*** Opening EXERCISE DATA ***

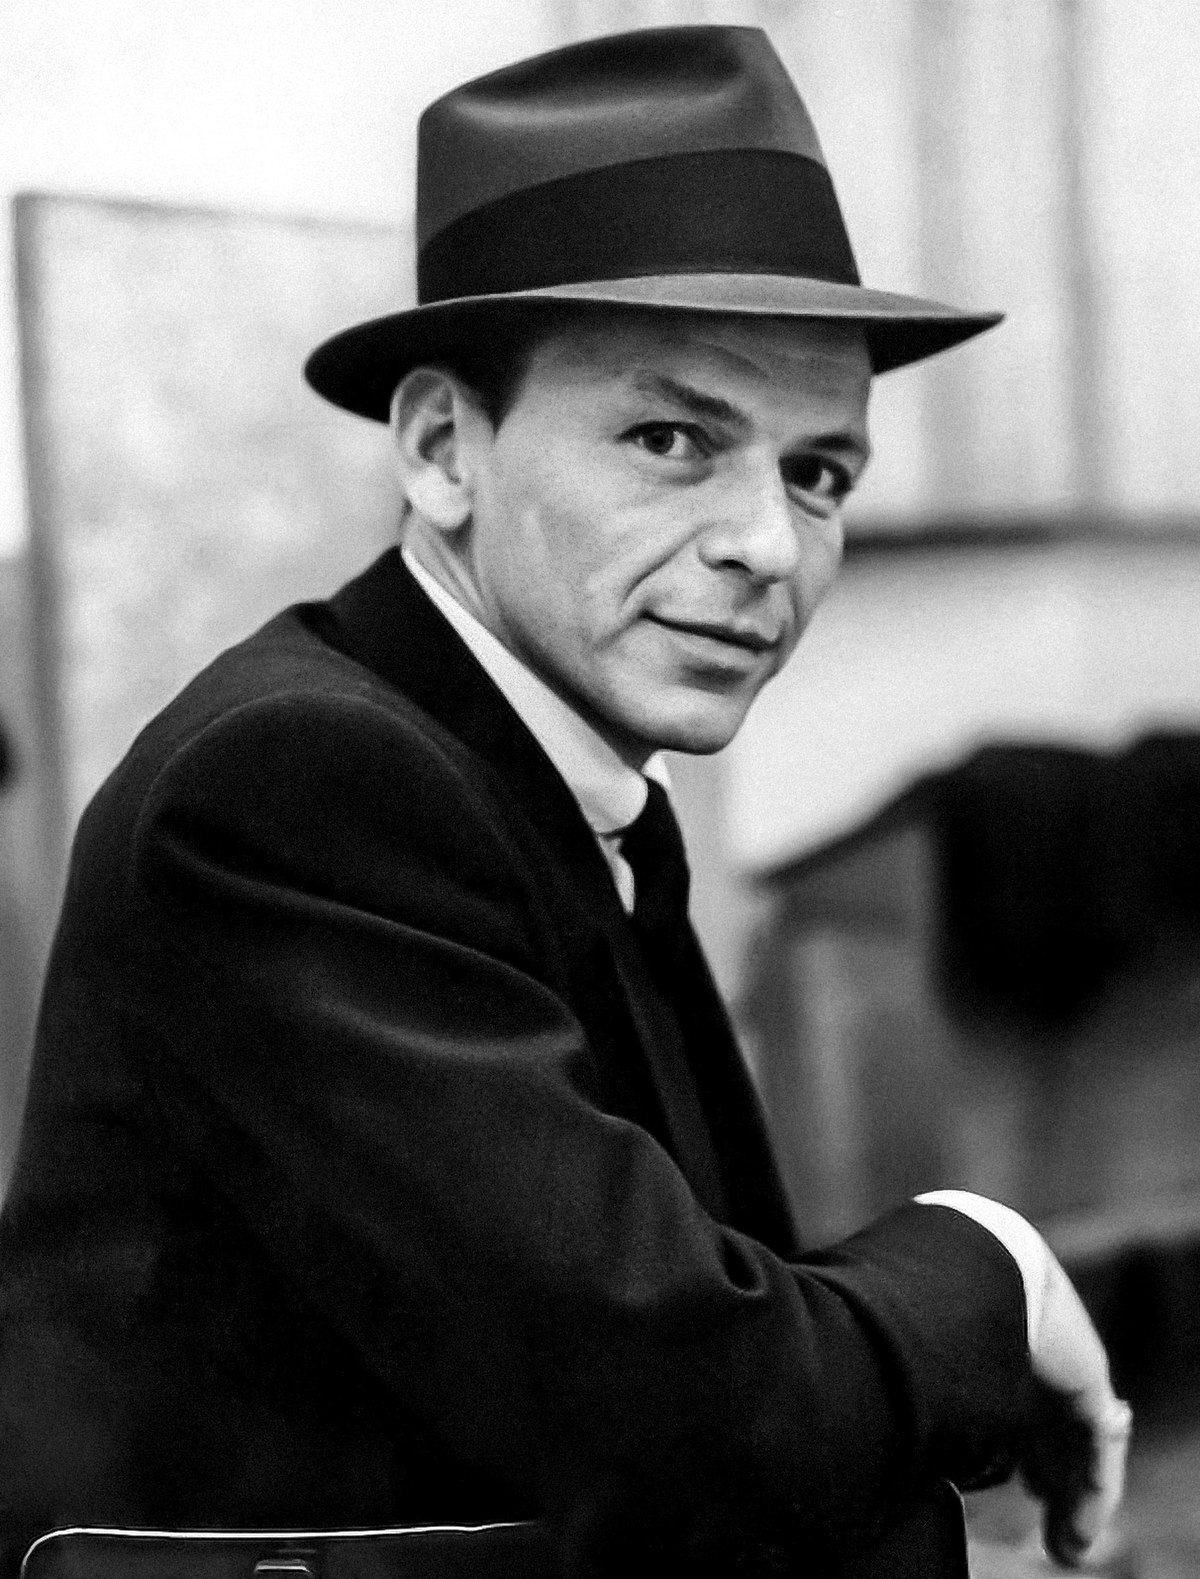 Sinatra: The Musical
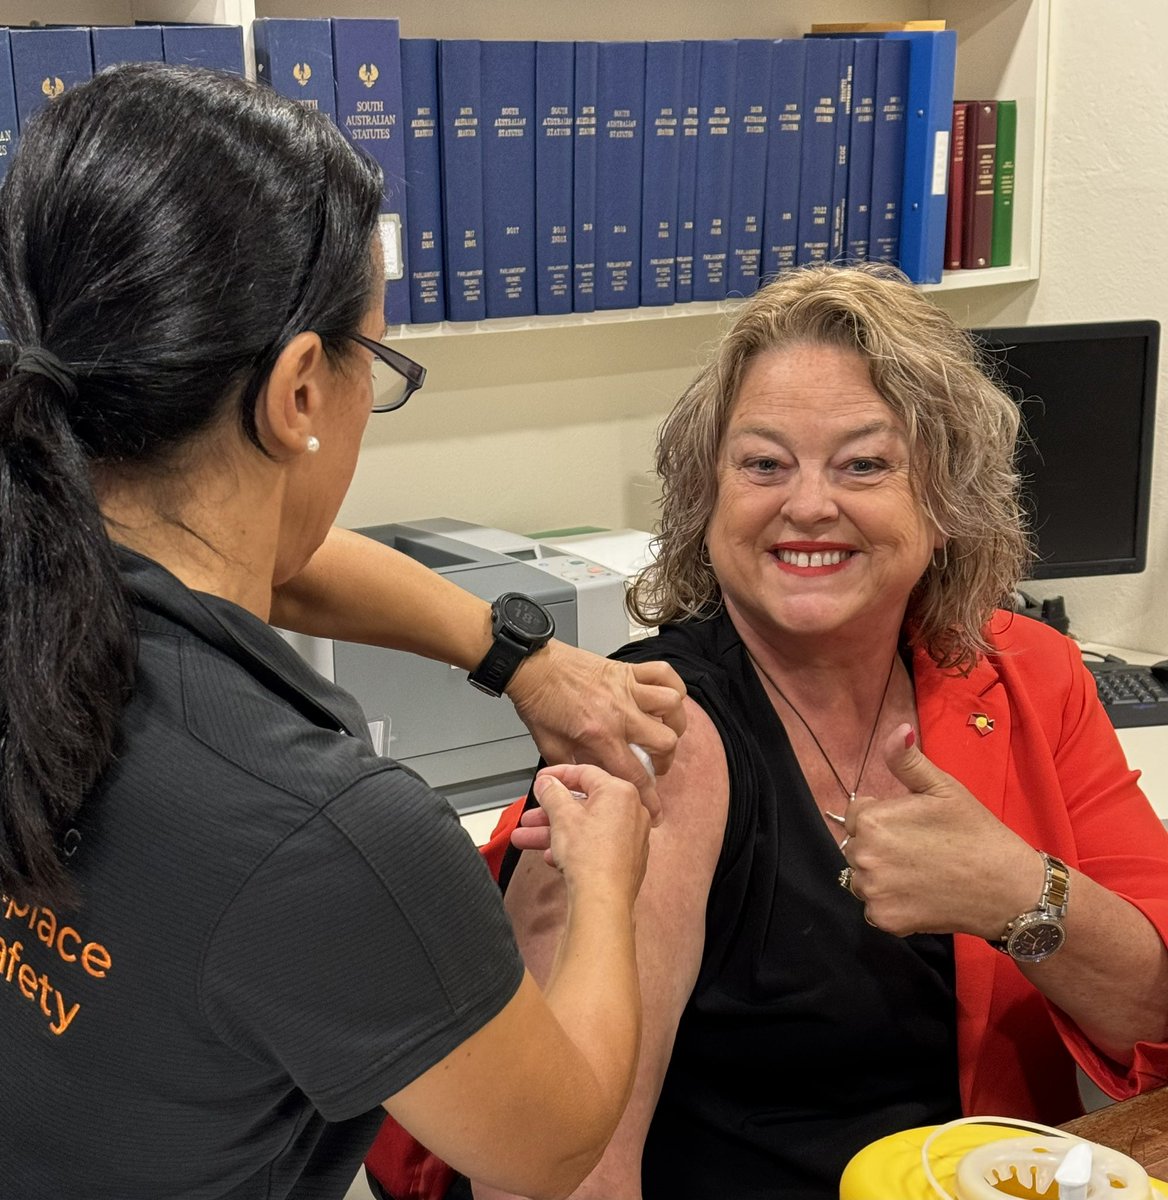 Have you had your Flu shot yet? 🤧💉 Vaccinations protect you, your family and vulnerable community members. Help to save lives this Flu season.
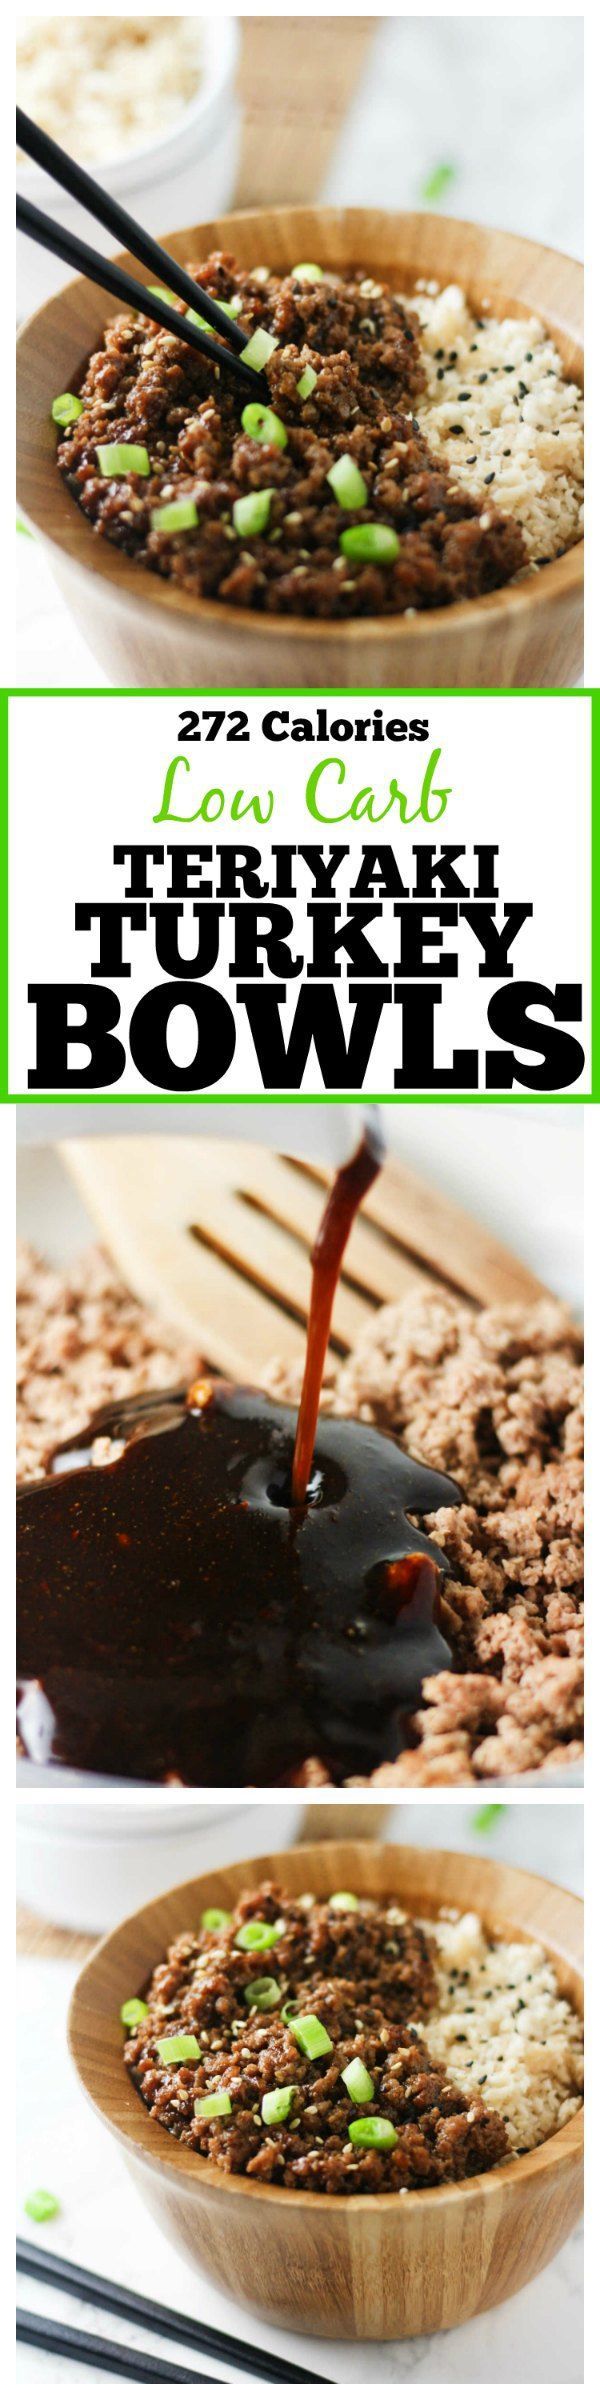 These delicious and easy Low Carb Teriyaki Turkey Bowls are ready in under 30 minutes and packed with tons of flavor!

*** Closing EXERCISE DATA ***

> [EXERCISE DESCRIPTION] Hand back the data above exactly, with no images.

> [RESPONSE FOR THIS EXERCISE]
 Sinatra: The Musical
 Have you had your Flu shot yet? 🤧💉 Vaccinations protect you, your family and vulnerable community members. Help to save lives this Flu season.
 These delicious and easy Low Carb Teriyaki Turkey Bowls are ready in under 30 minutes and packed with tons of flavor!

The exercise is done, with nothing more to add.